Guerini’s analysis of the capitalist racket that has conspired to shoot transgenderism onto its current pedestal as malestream culture’s cause celebre draws heavily from the work of Jennifer Bilek, whose research into the money behind the LGBTQ++ movement is invaluable. But, radical feminist ecologist that she is, Guerini is also quick to realize that, while there’s no doubting the money-grubbing greed at play, transgenderism is ultimately driven by a deeper, older, more ideological urge. I find myself disappointed when feminists conclude that transgenderism is basically one big elaborate swindle because while this may be a solid anti-capitalist analysis, it isn’t quite a feminist one. For as long as patriarchal civilization has reigned over the earth, Man has been pitting himself against organic biological creation, struggling to vanquish the natural world, pin it down, punish it, and replace it with a world of his own invention. By applying this ethic to the human body – subordinating the corporeal reality of sex to male fantasies of femininity and masculinity – transgenderism is revealed as just another manifestation of the same ancient crusade. So too for transhumanism, the movement to merge human beings with machines to hasten human evolution towards post-biological excorporeal-and-under-control omnipotence. Guerini, again thinking alongside Bilek, sees transgenderism and transhumanism as inextricably linked, sharing a common set of premises and principles, as well as a similar fanbase (e.g., western industrial imperial governments, wealthy white men). The two make natural bedfellows because both are rooted in the patriarchal imperative to overthrow biological reality. 

“We are witnessing an attack on life,” Guerini warns, “[w]e are witnessing an attack on nature, on all that is born.” This attack has been ongoing for millennia; throughout the history of male dominion men have waged it on countless fronts, tirelessly, viciously, and today they have the weapons to be more efficient than ever in their assault on the living world. Transgenderism and its cyborg big brother transhumanism are part of this age-old attack, both movements for male liberation from nature, for the establishment of a patriarchal utopia: a purely manmade virtual reality zone. Guerini writes: “Today, bodies are the new terrain of conquest and battle. A war against bodies reduced to guinea pigs to be genetically manipulated, against life responsible for having been born and expecting to die, against ‘natural’ procreation which must become artificial, against nature as the main witness of what life is like outside the artificialisation of the laboratory.” This is the reality we must face, and the fray we must enter, if we are to have any hope of commanding a resistance fierce and serious and passionate enough to defend “a wild and free living.” To save the real world from male dominion. With uncompromising clarity of vision, Silvia Guerini turns our eyes in the necessary direction. Our task now is to gather the courage not to look away. 

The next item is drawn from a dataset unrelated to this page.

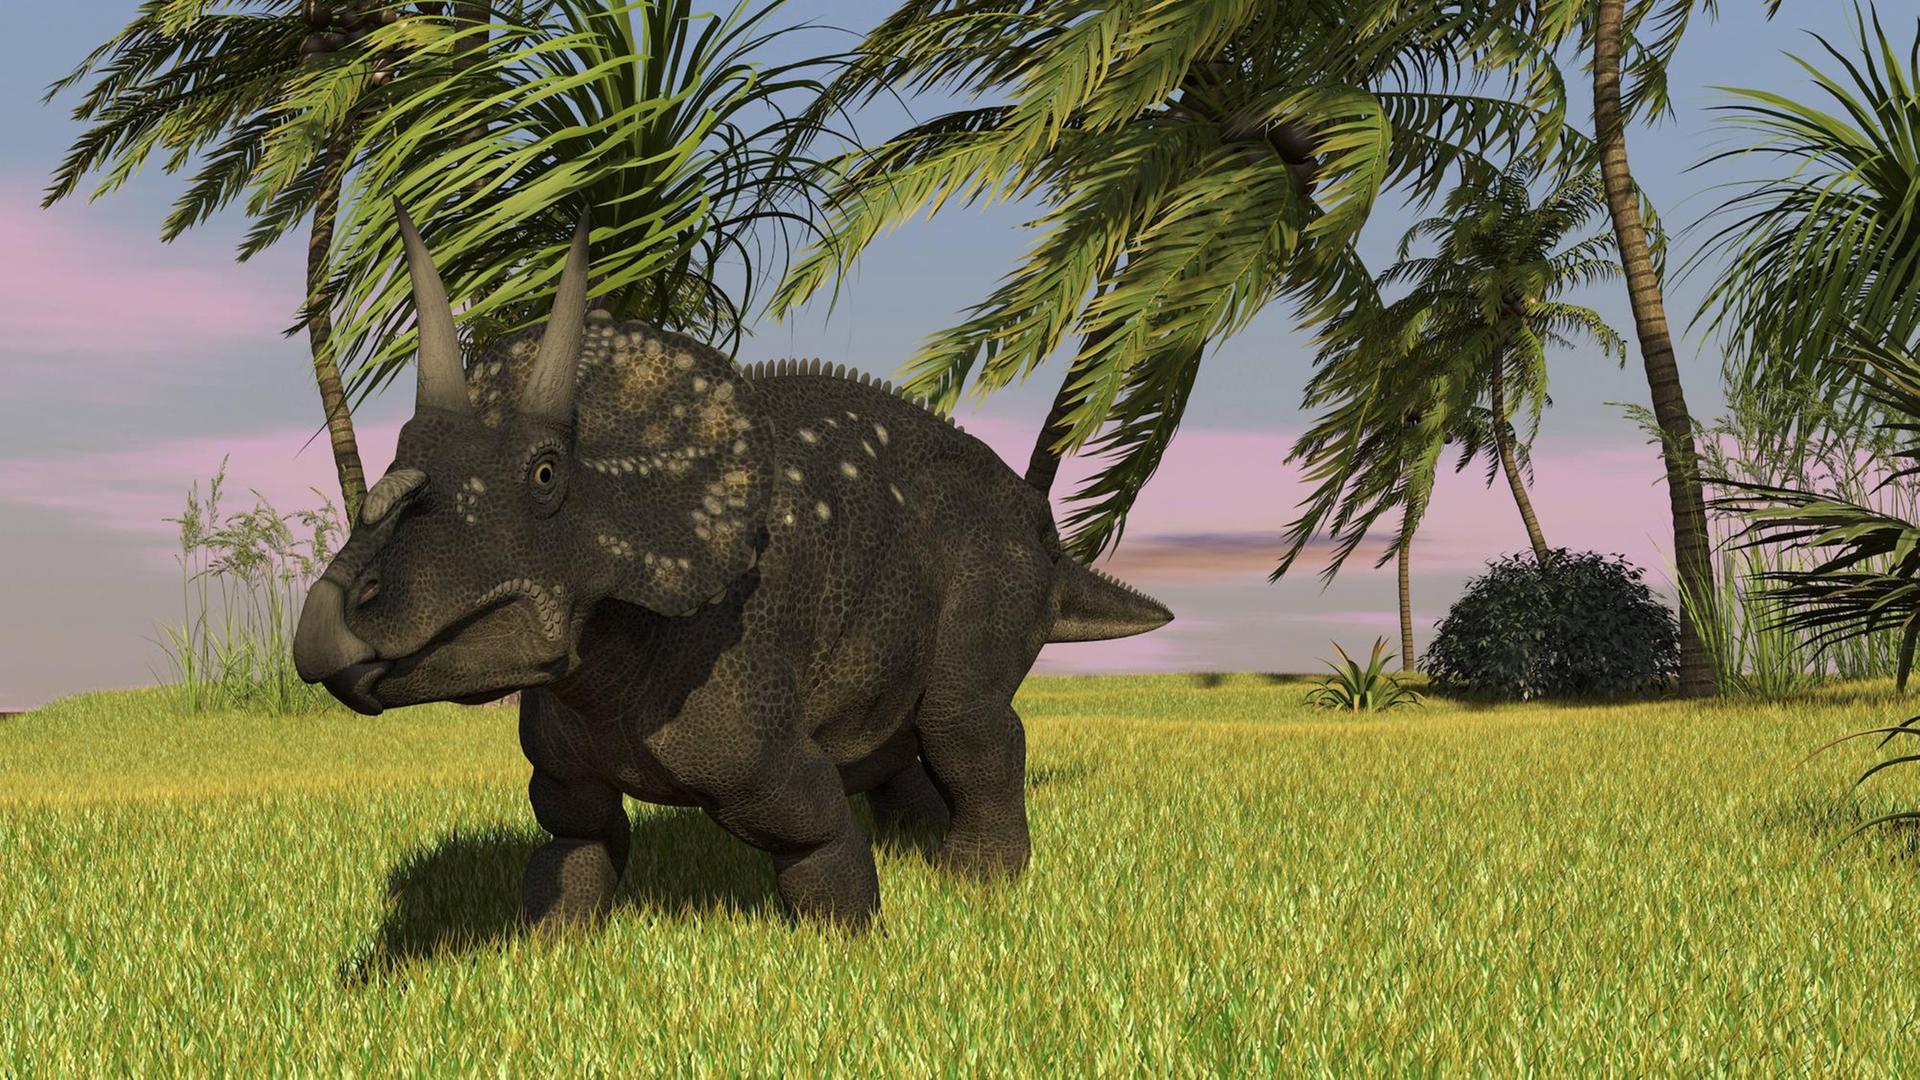 Künstlerische Darstellung eines Triceratops in einer tropischen Umgebung
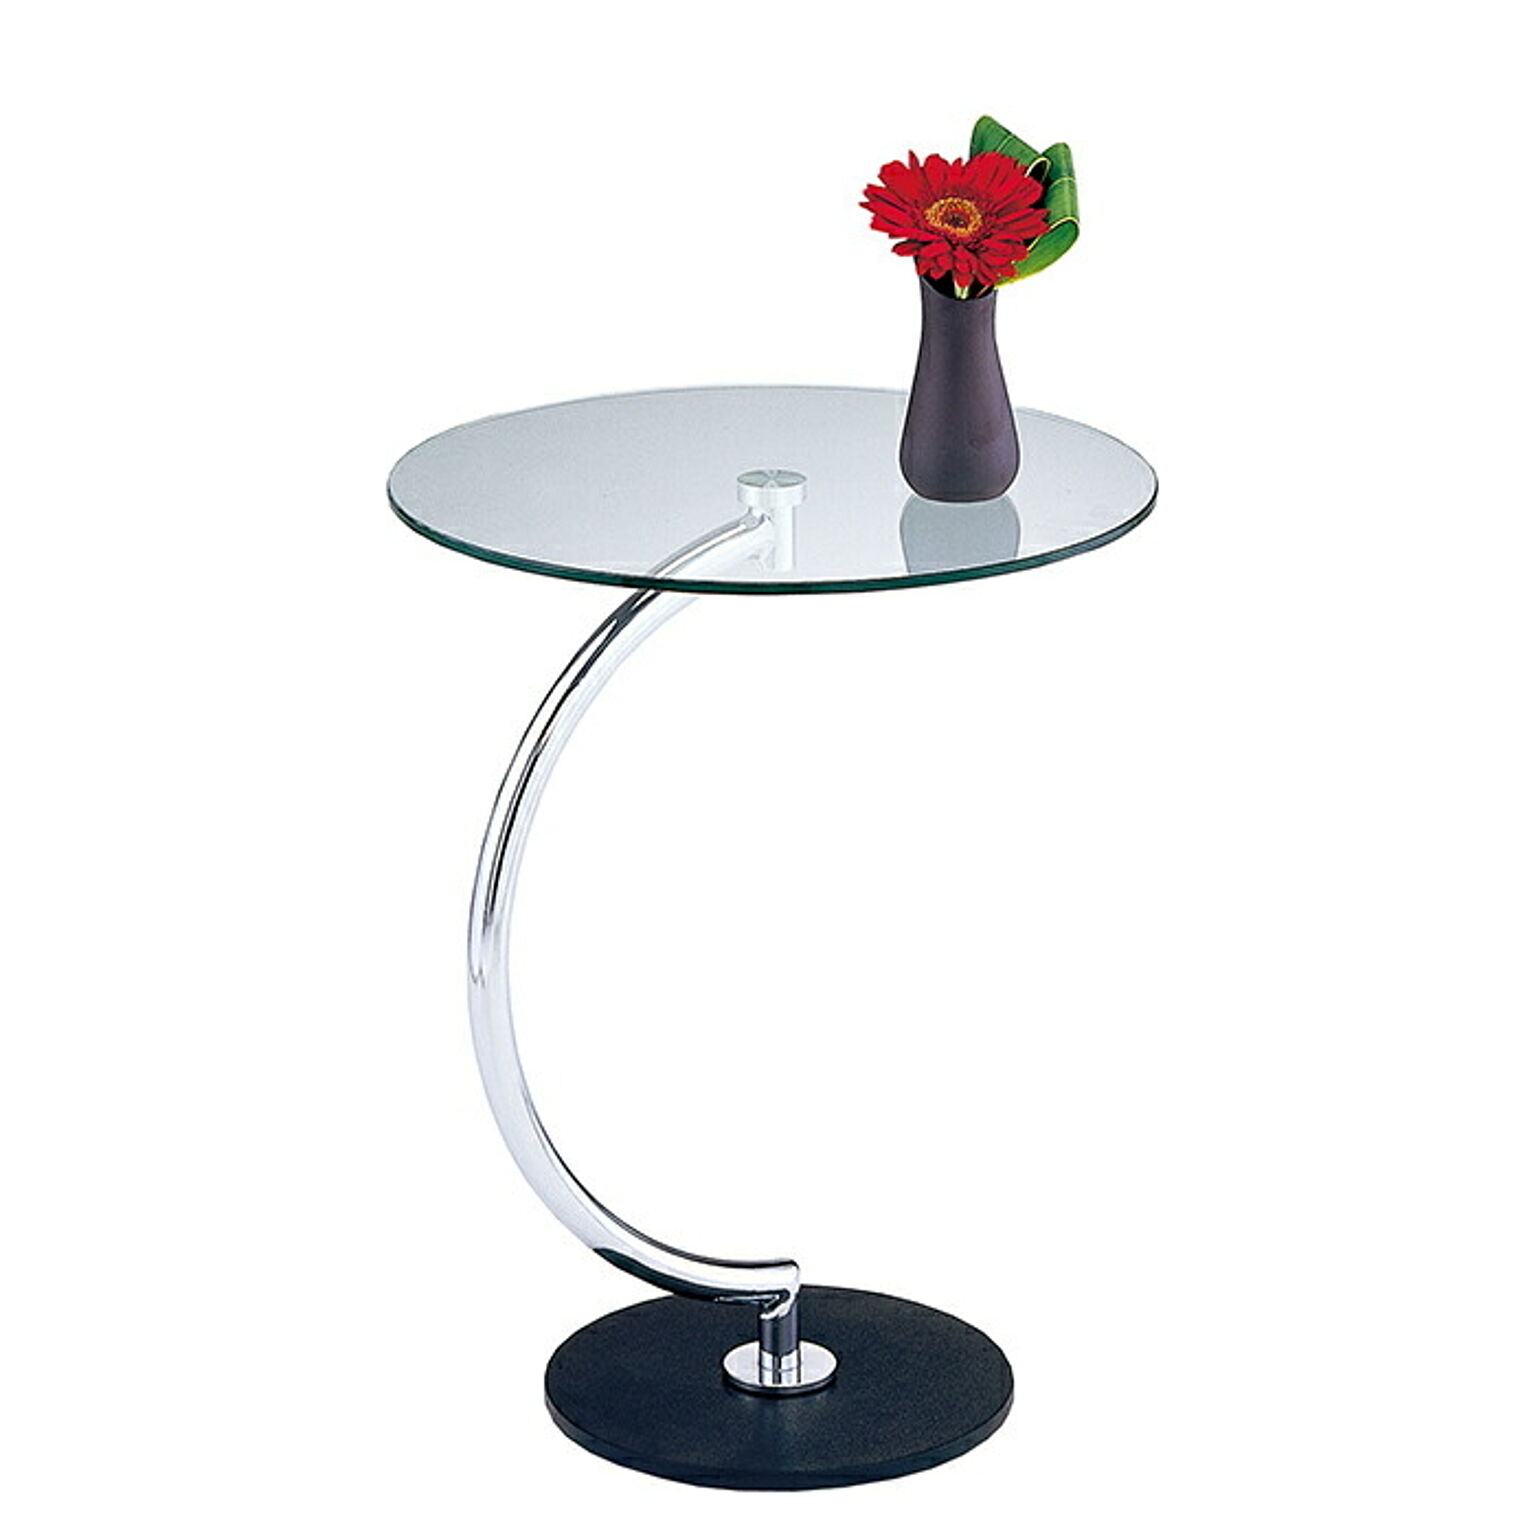 あずま工芸 ブラスサイドテーブル 組立式 幅460x奥行460x高さ555mm

Thank you to Spinifex for kindly providing a copy of From the ‘Neutral Body’ to the Posthuman Cyborg for this review. 

 Aurora linnea is a radical lesbian (eco)feminist writer living at the ocean’s edge in the region of North America colonizers dubbed “Maine.” She strives to contribute to the global feminist struggle to end male dominion through poetic dissidence and uncompromising disloyalty to the necrophilic patriarchal empire presently destroying life on earth. 


3 thoughts on “From Bad to Worse to the End of the World: A Review of From the ‘Neutral’ Body to the Posthuman Cyborg, by Silvia Guerini 

  1. Thank you for posting this. I am ecstatic to meet both Guerini and Linnea. The analysis is spot-on and brilliant. It also illuminates the difficulty of persuading feminists who view the trans cult as a civil rights matter. The issues are so radically deeper and far-reaching than superficial liberalism.